> **Data extract**
⁂

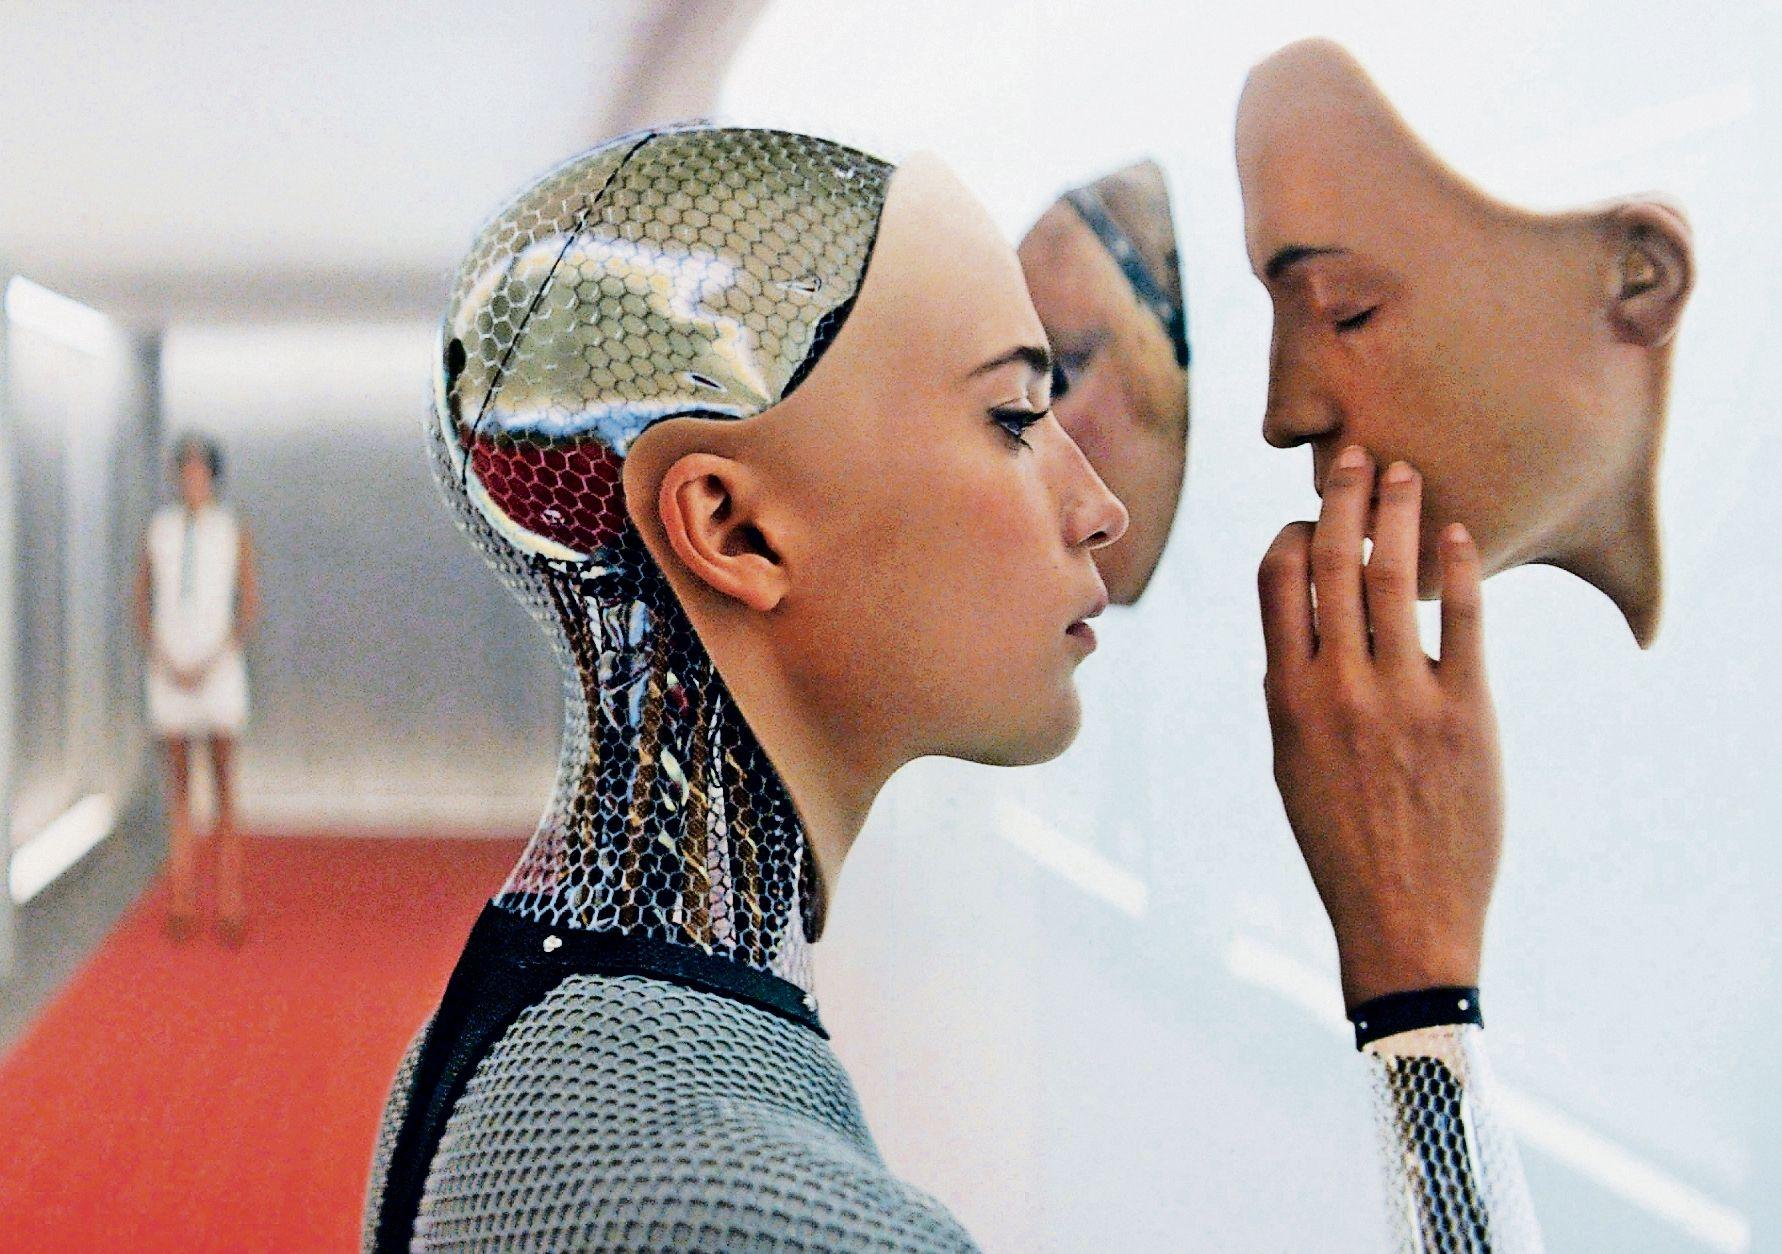 Love Machine.  Microsoft arbeitet an einer künstlichen Intelligenz, der Fans ihre Liebe erklären - Roboter werden menschlicher dank grossen Fortschritten in der Spracherkennung.    SonntagsZeitung, 27. März 2016
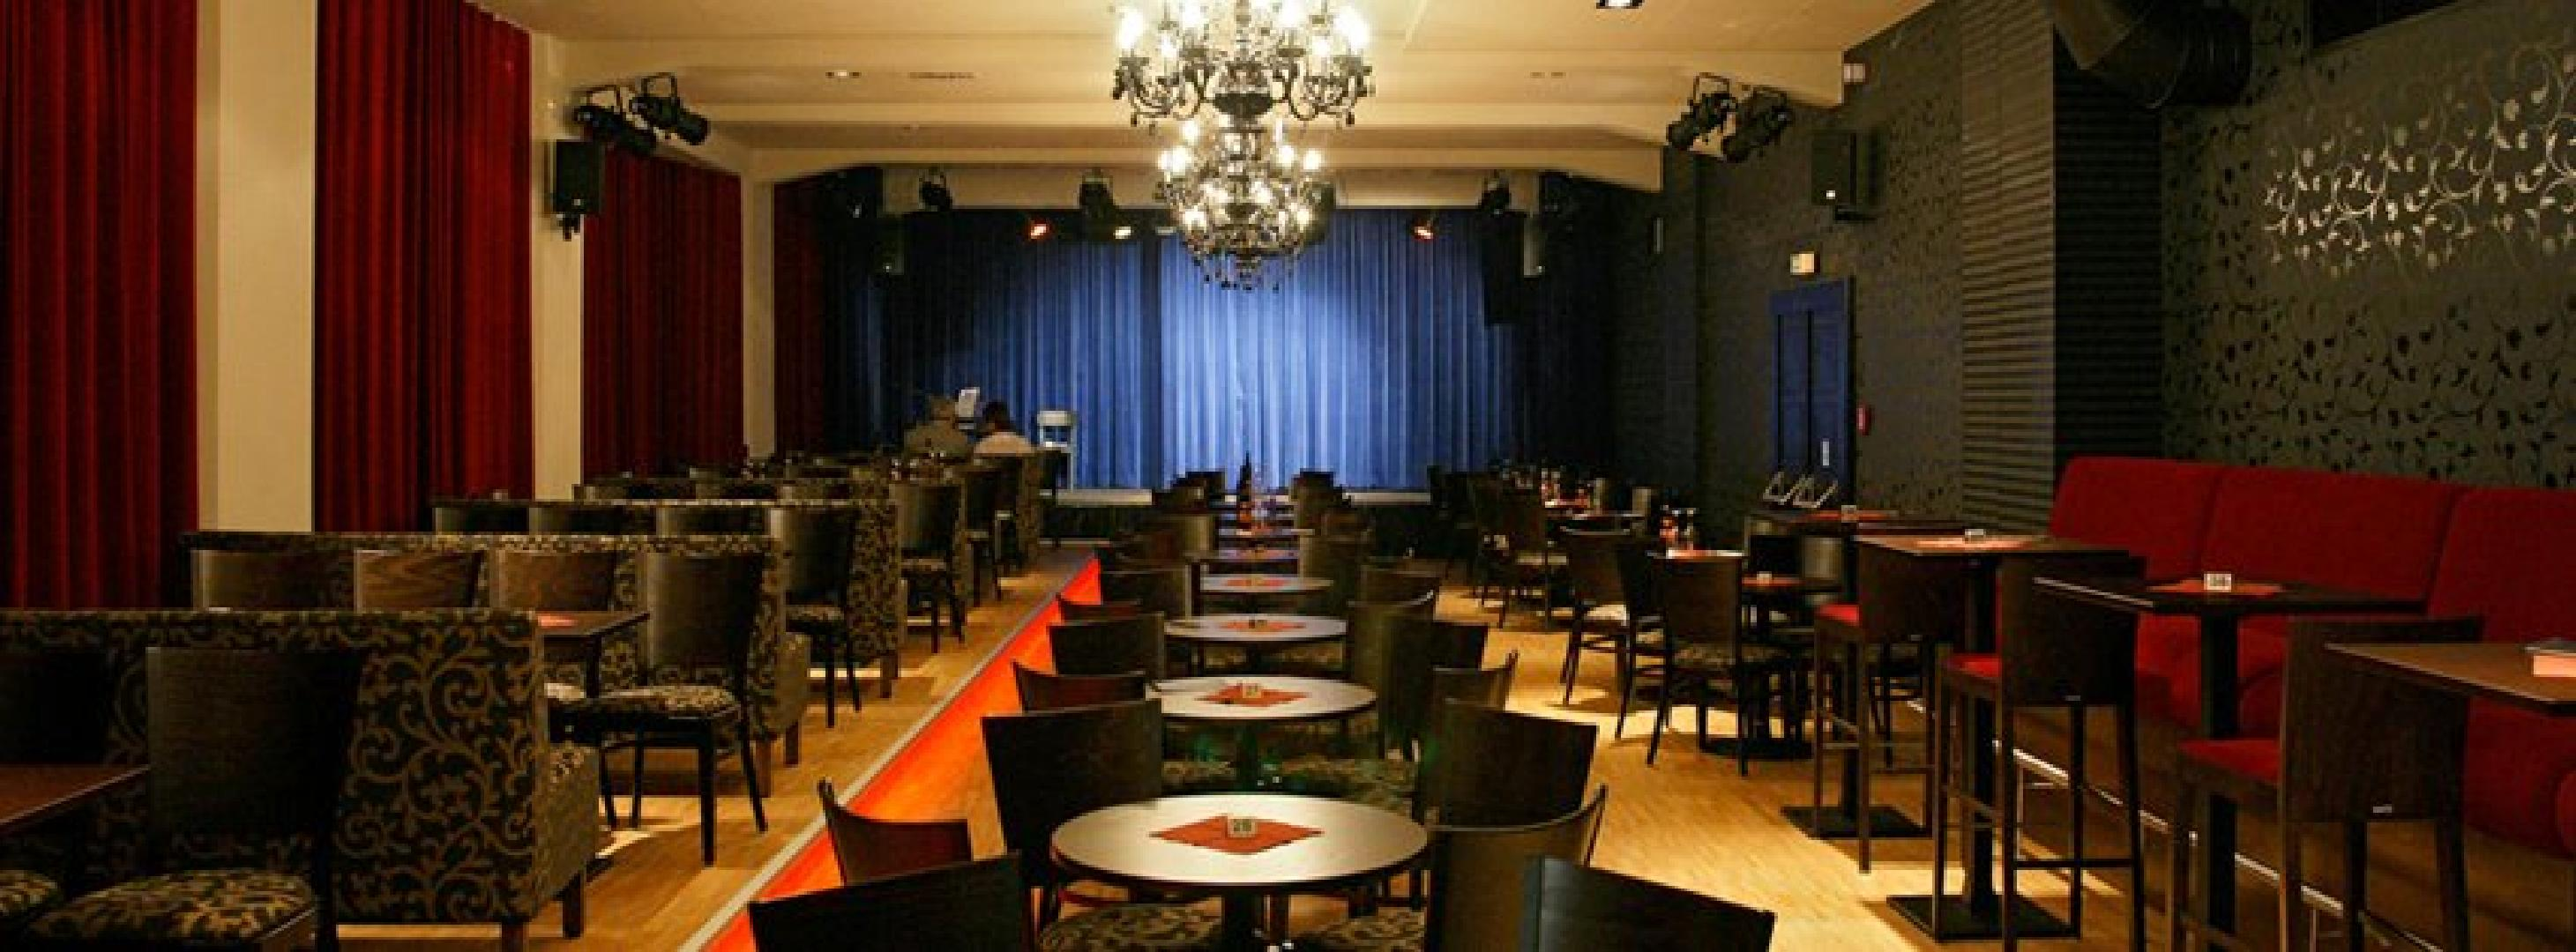 Picture 1 of Blauer Salon im Leipziger Central Kabarett
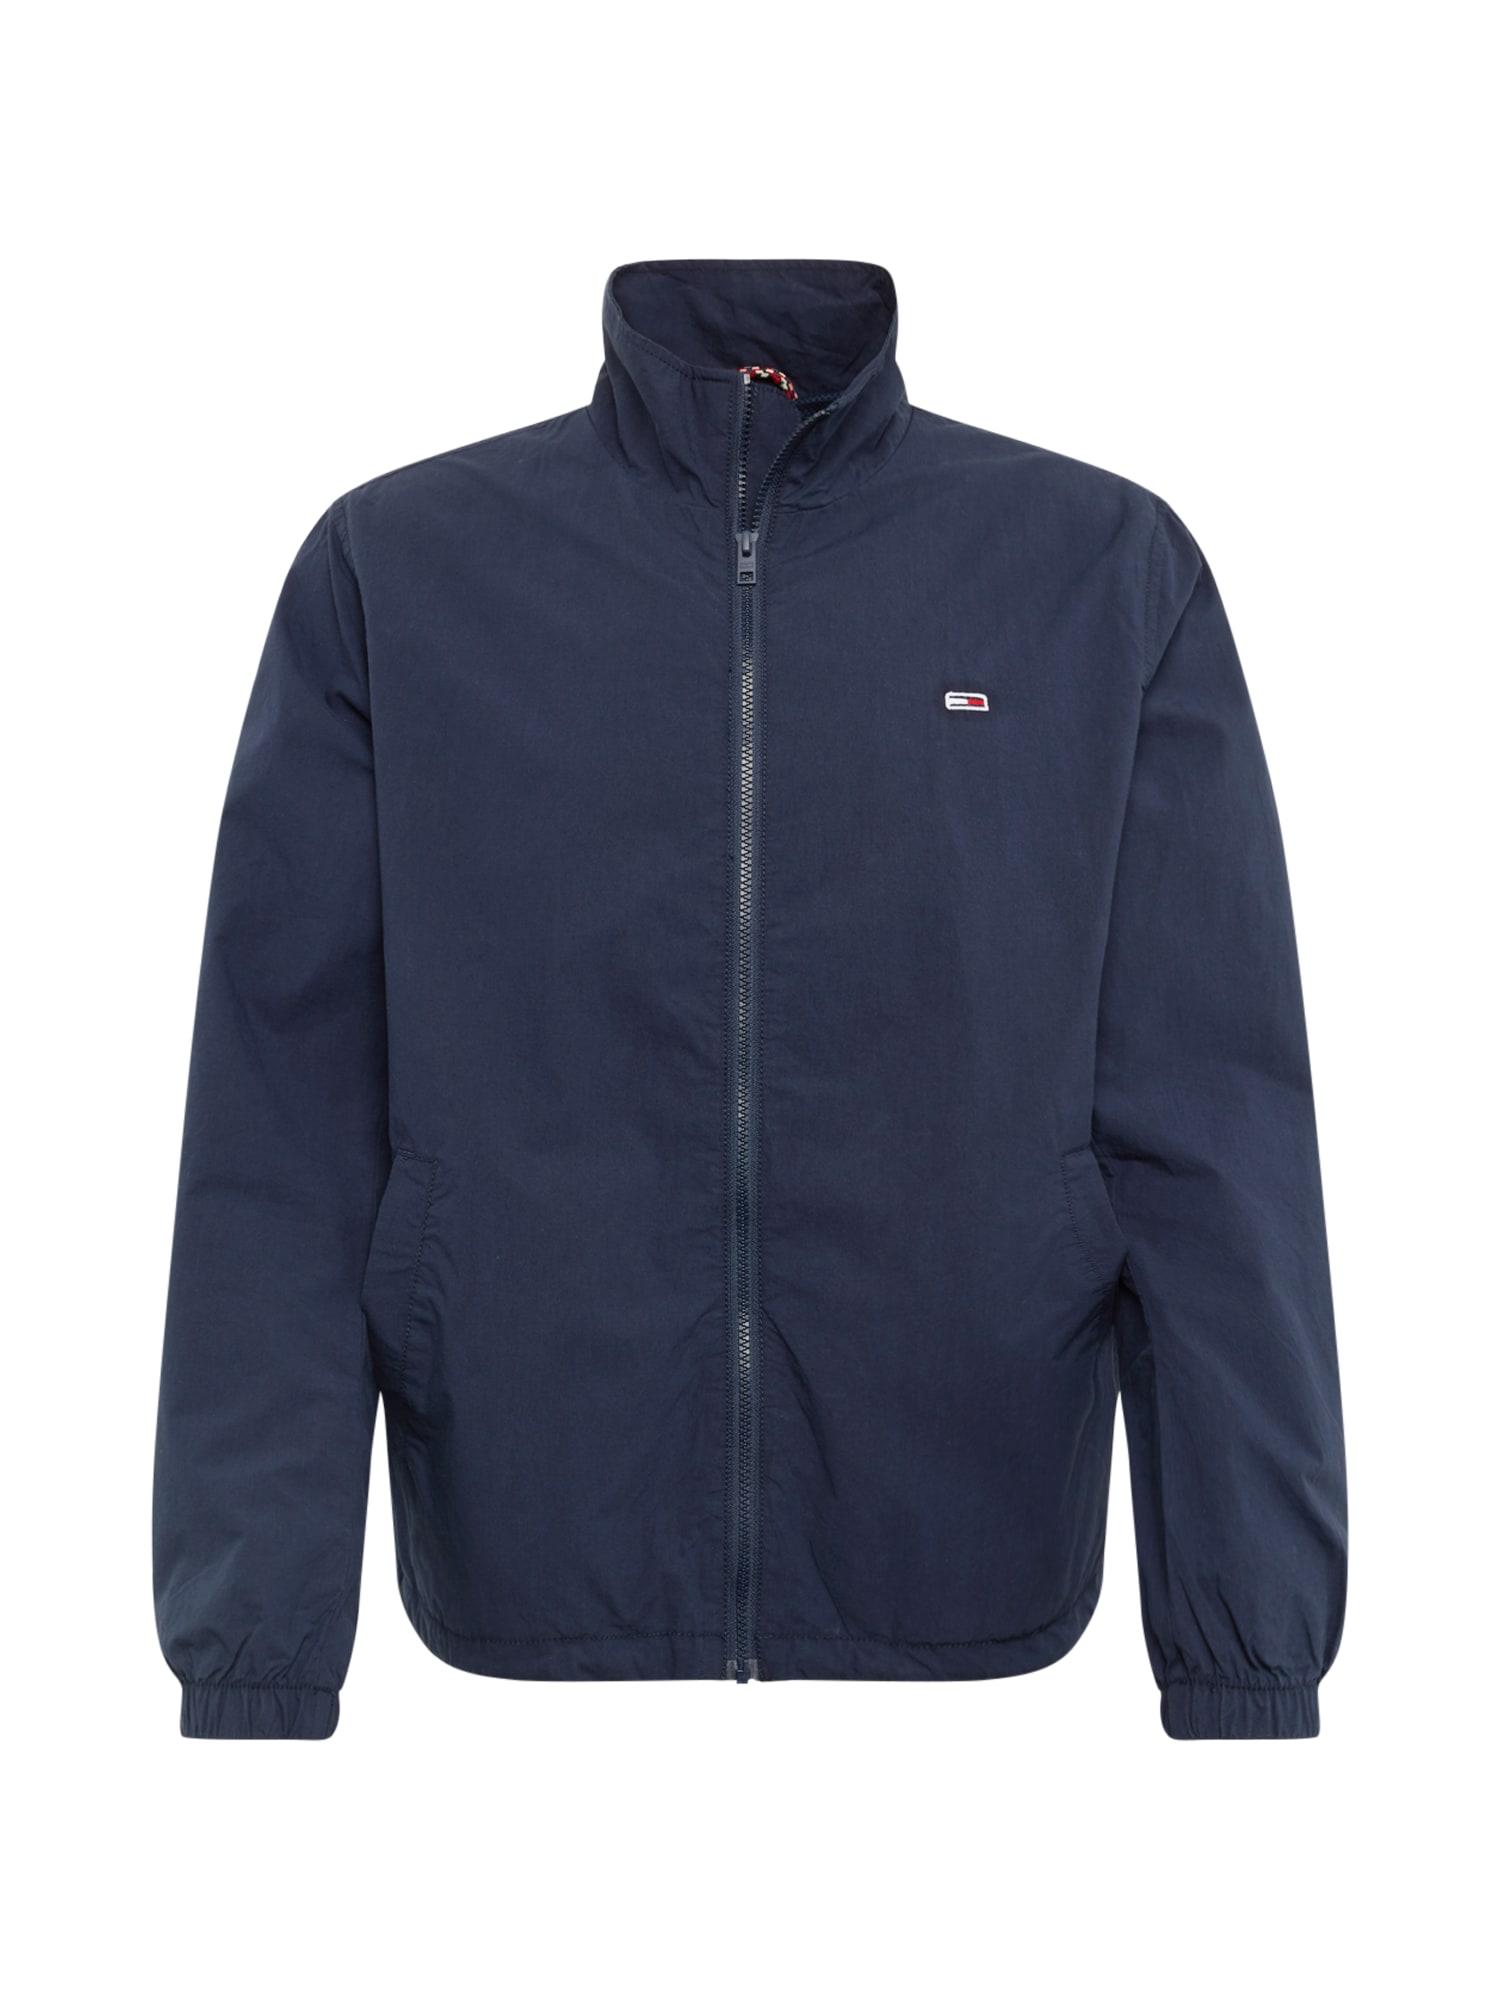 Přechodná bunda Novelty tmavě modrá Tommy Jeans

⁂

> **Task description**
Exclude the pictures and give back the rest of the data above exactly as written.

> **The answer**
 Love Machine.  Microsoft arbeitet an einer künstlichen Intelligenz, der Fans ihre Liebe erklären - Roboter werden menschlicher dank grossen Fortschritten in der Spracherkennung.    SonntagsZeitung, 27. März 2016
 Picture 1 of Blauer Salon im Leipziger Central Kabarett
 Přechodná bunda Novelty tmavě modrá Tommy Jeans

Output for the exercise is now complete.